TASK DESCRIPTION: Your task is to transcribe the lines from the start of the data below through the line containing "Avocado Toast Ornament | Furbish Studio", inclusive, exactly as they stand and without the pictures.

Stored data:
········
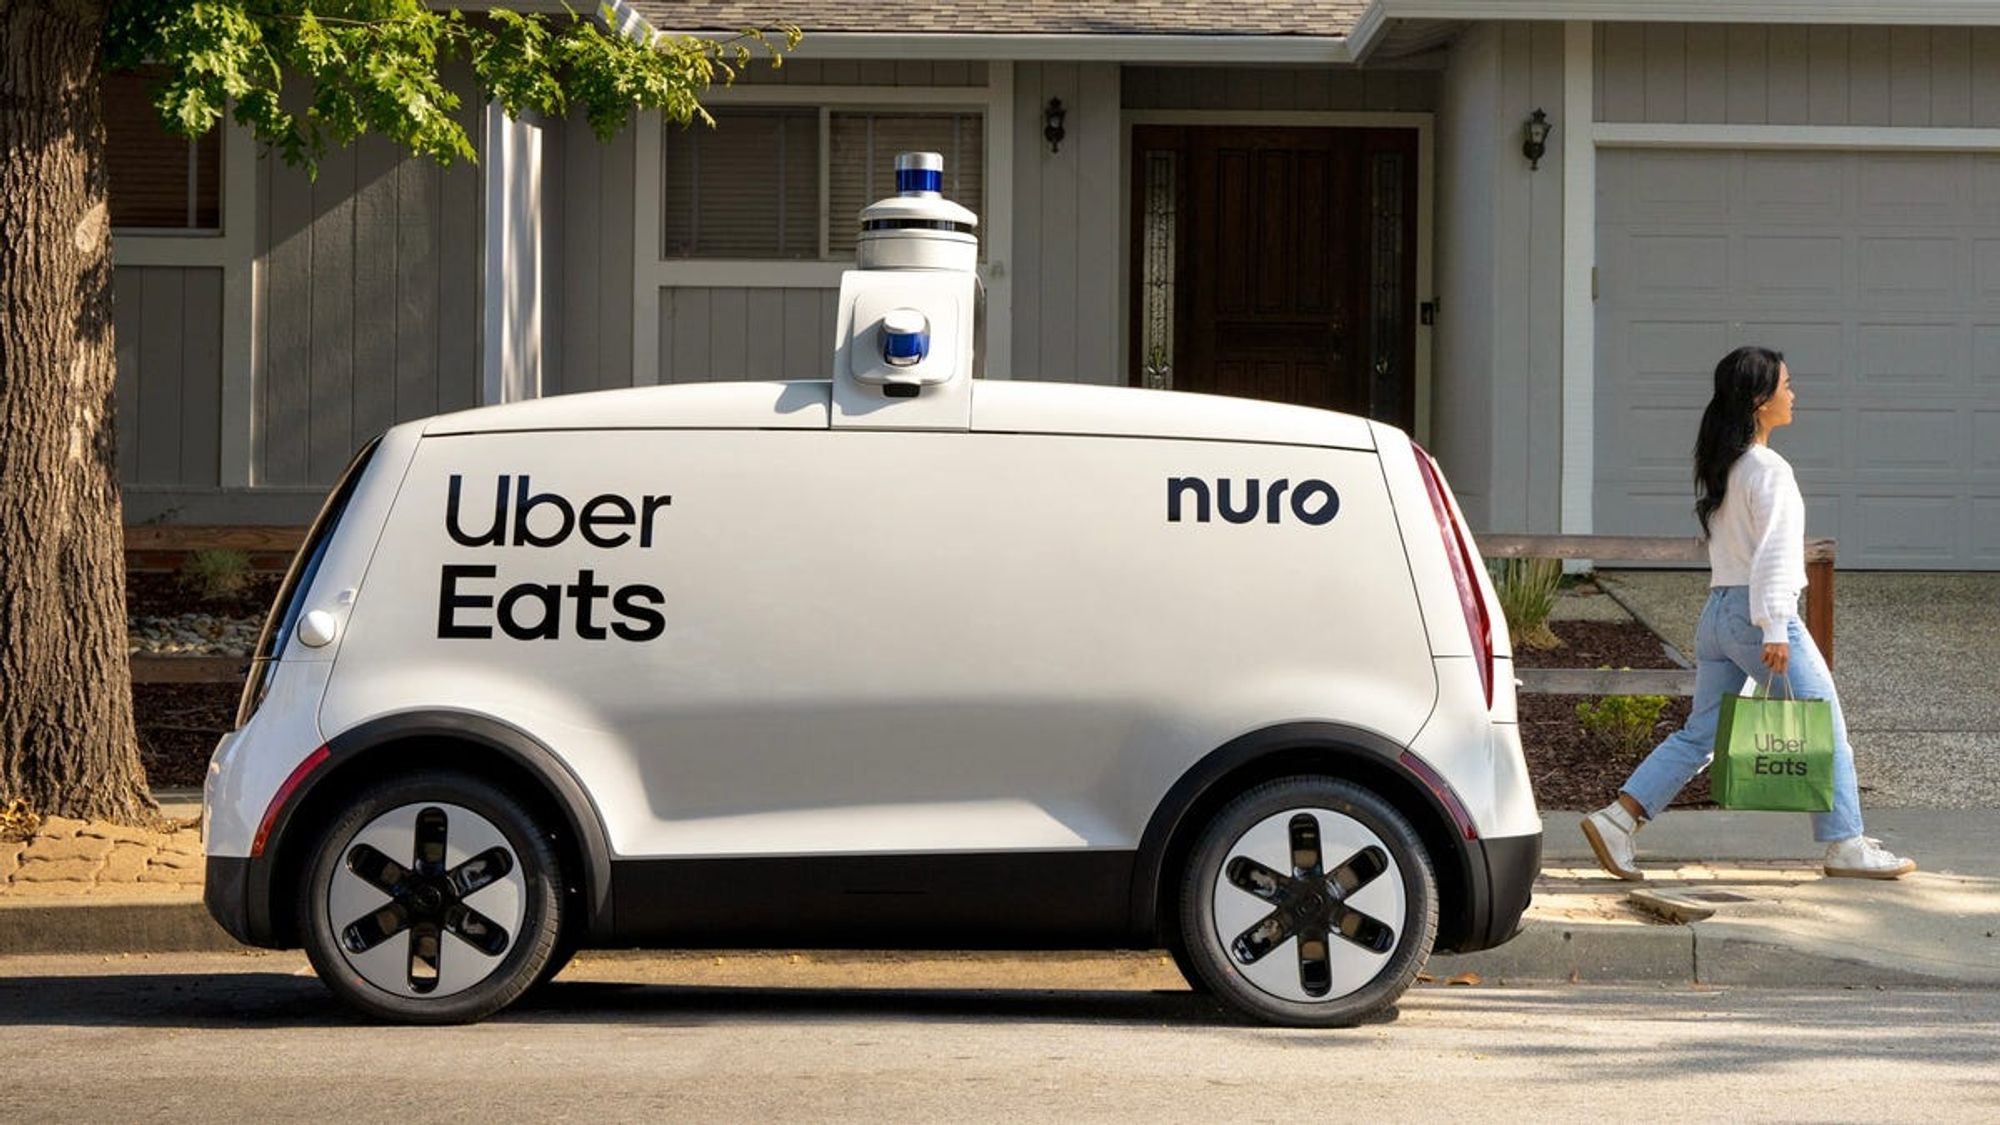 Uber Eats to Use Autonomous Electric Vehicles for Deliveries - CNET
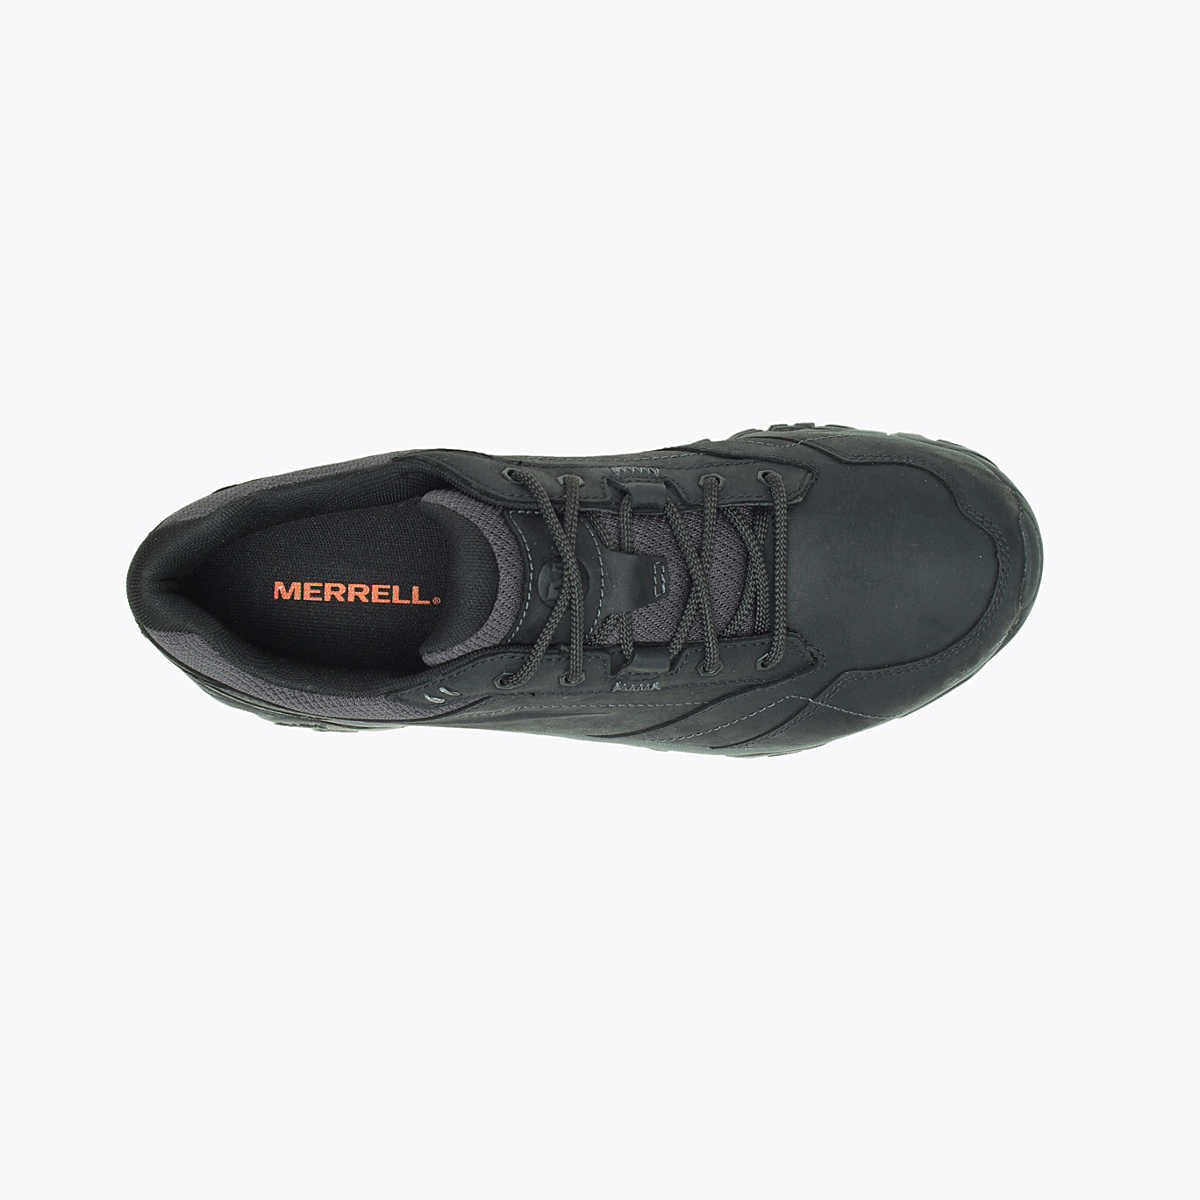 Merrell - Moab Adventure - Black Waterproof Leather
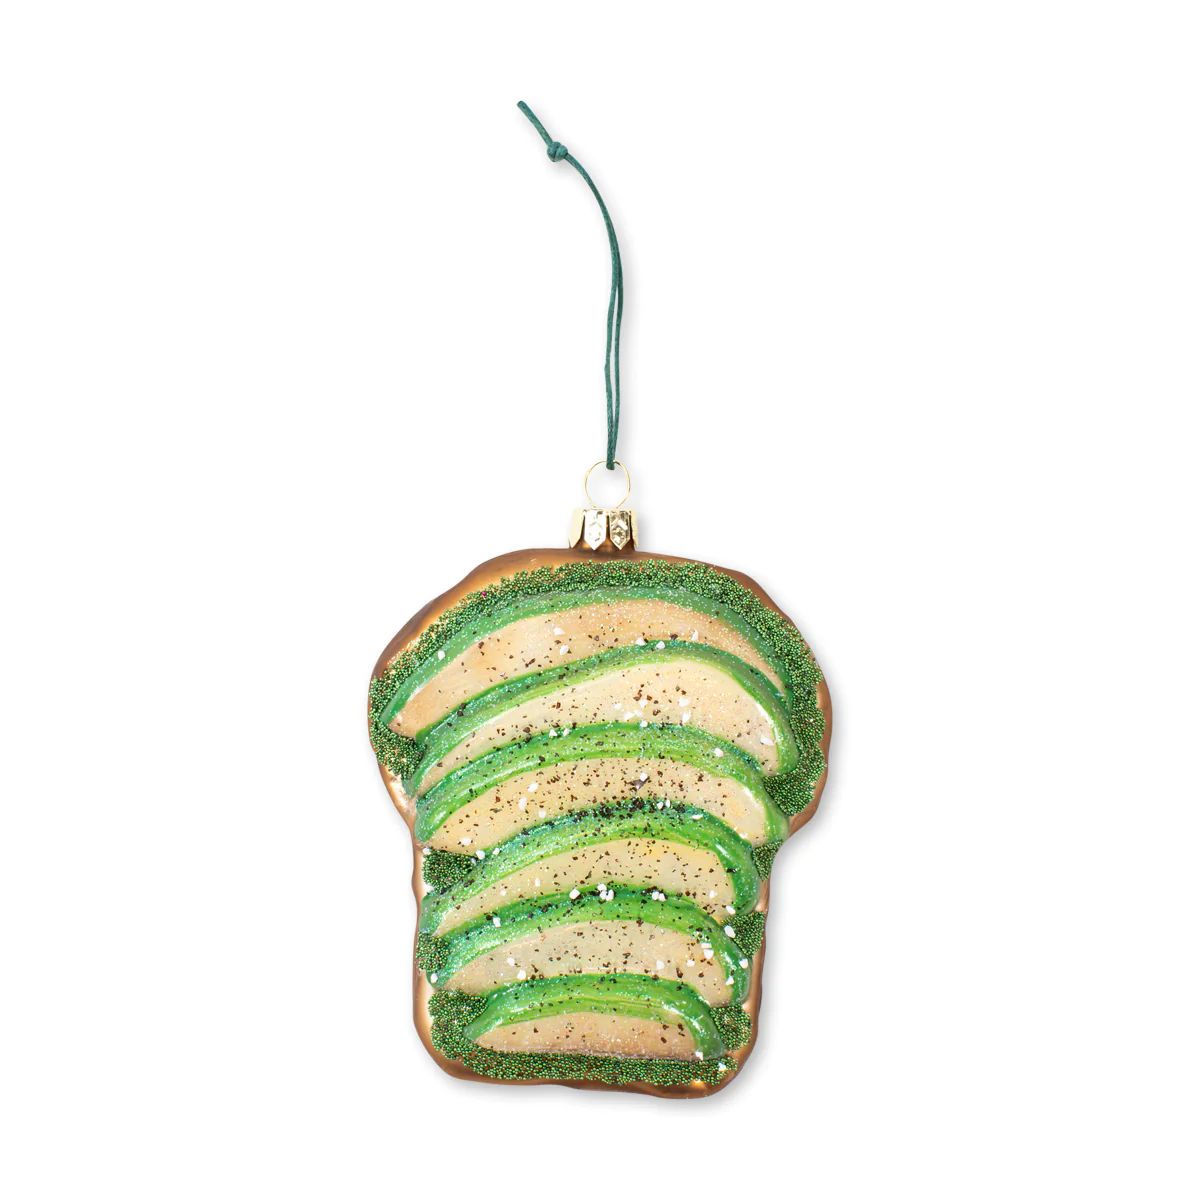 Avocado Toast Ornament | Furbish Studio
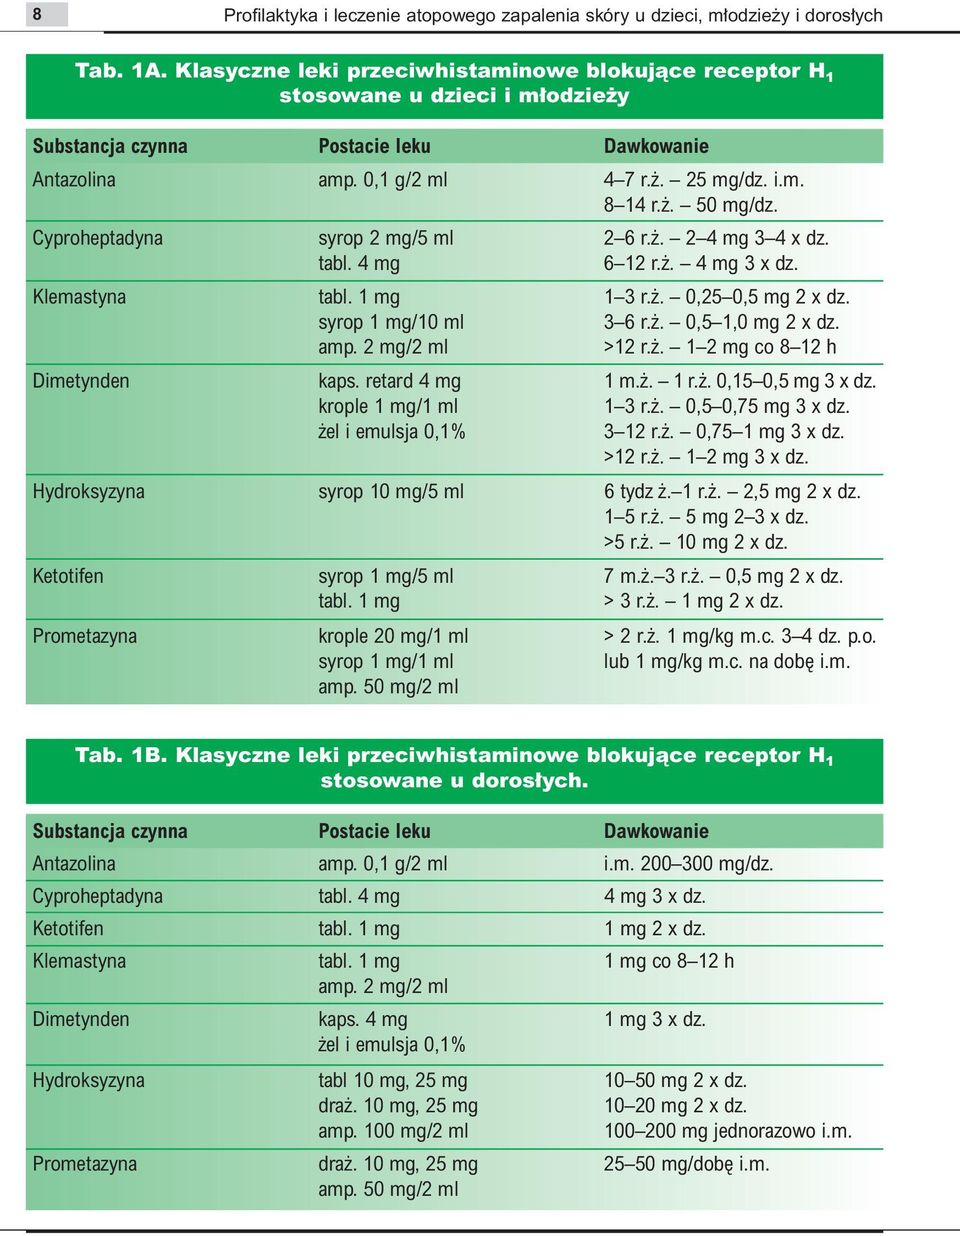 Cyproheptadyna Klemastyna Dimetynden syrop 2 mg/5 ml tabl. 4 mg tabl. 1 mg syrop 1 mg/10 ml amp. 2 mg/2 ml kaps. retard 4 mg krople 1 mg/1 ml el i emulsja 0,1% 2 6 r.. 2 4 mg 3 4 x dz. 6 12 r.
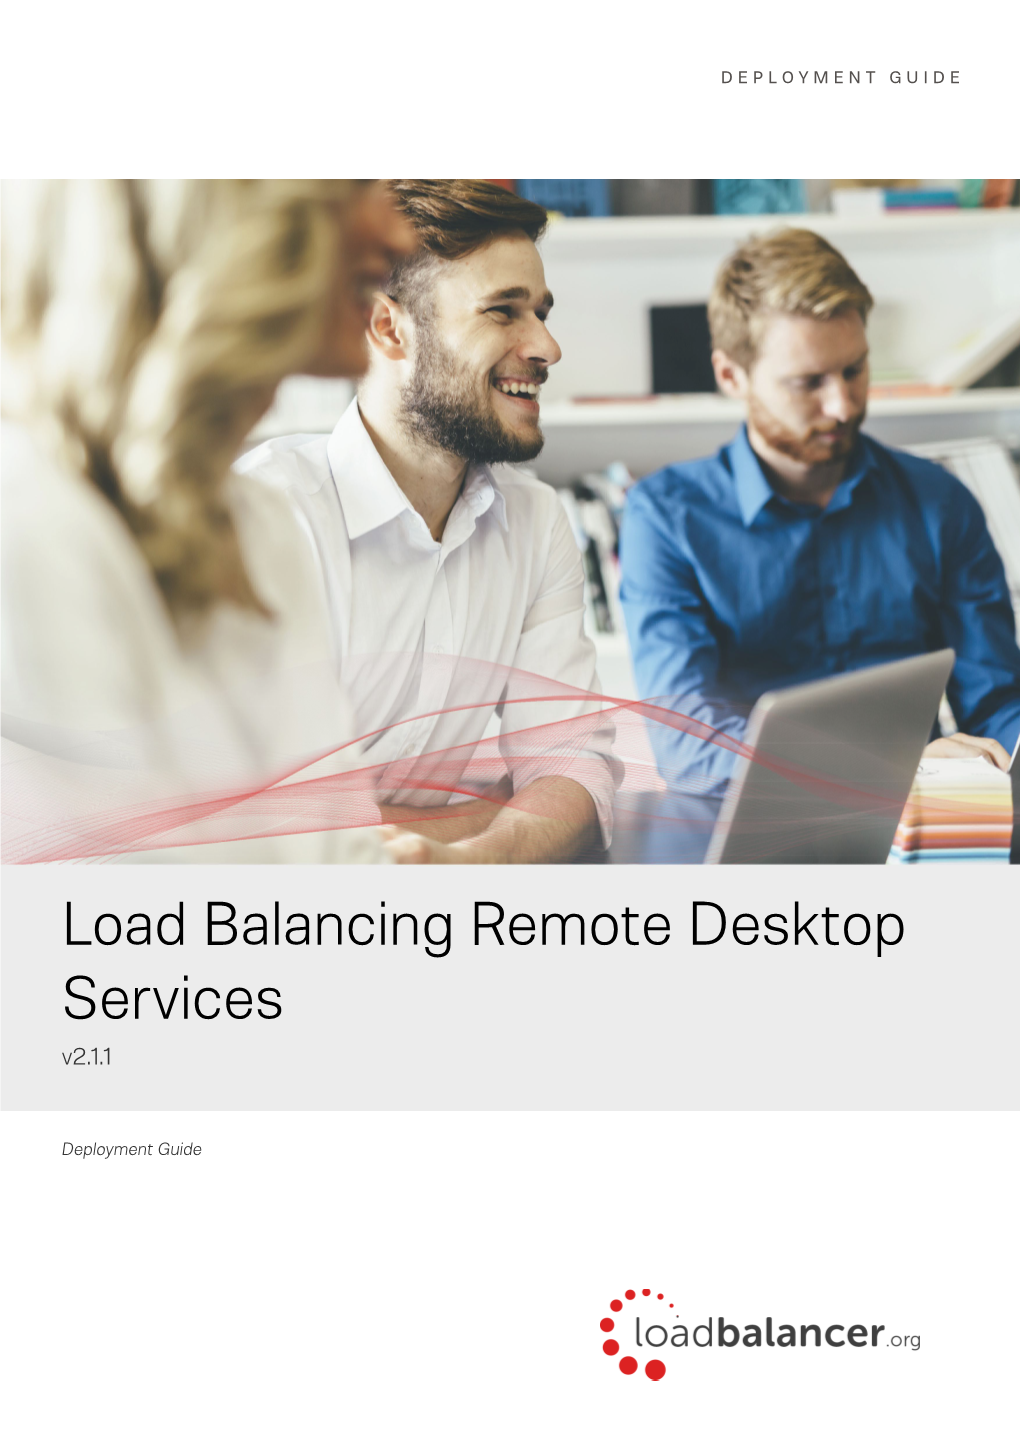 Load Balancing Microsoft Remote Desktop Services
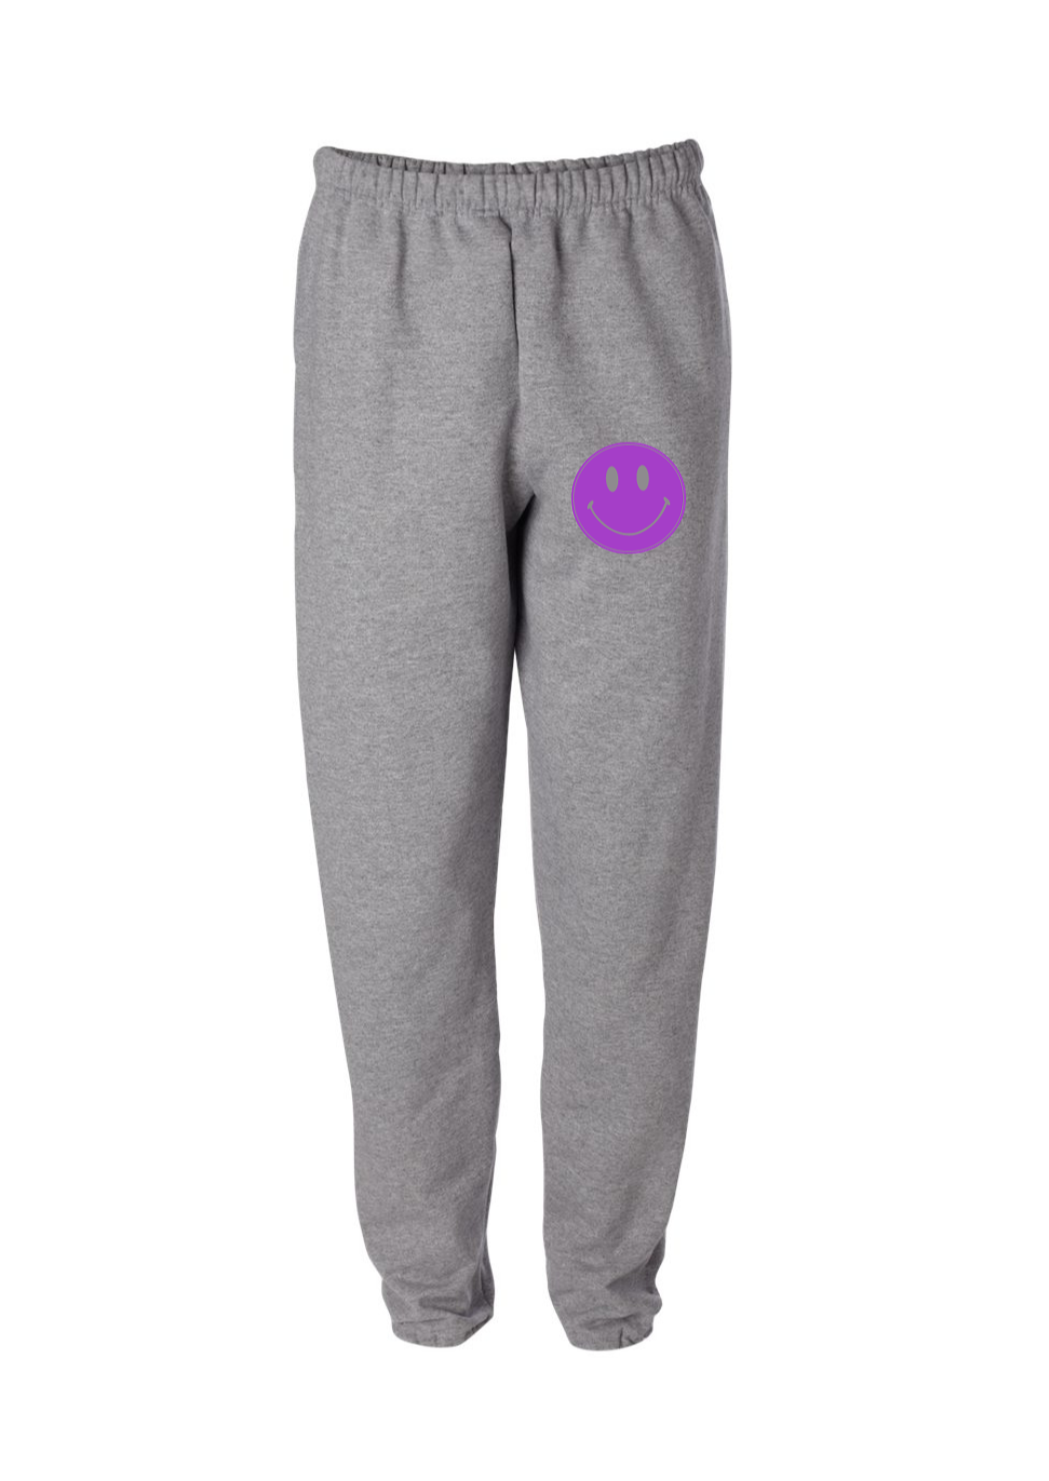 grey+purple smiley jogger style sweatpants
········
ANSWER BELOW:
 Uber Eats to Use Autonomous Electric Vehicles for Deliveries - CNET
 Merrell - Moab Adventure - Black Waterproof Leather
 Avocado Toast Ornament | Furbish Studio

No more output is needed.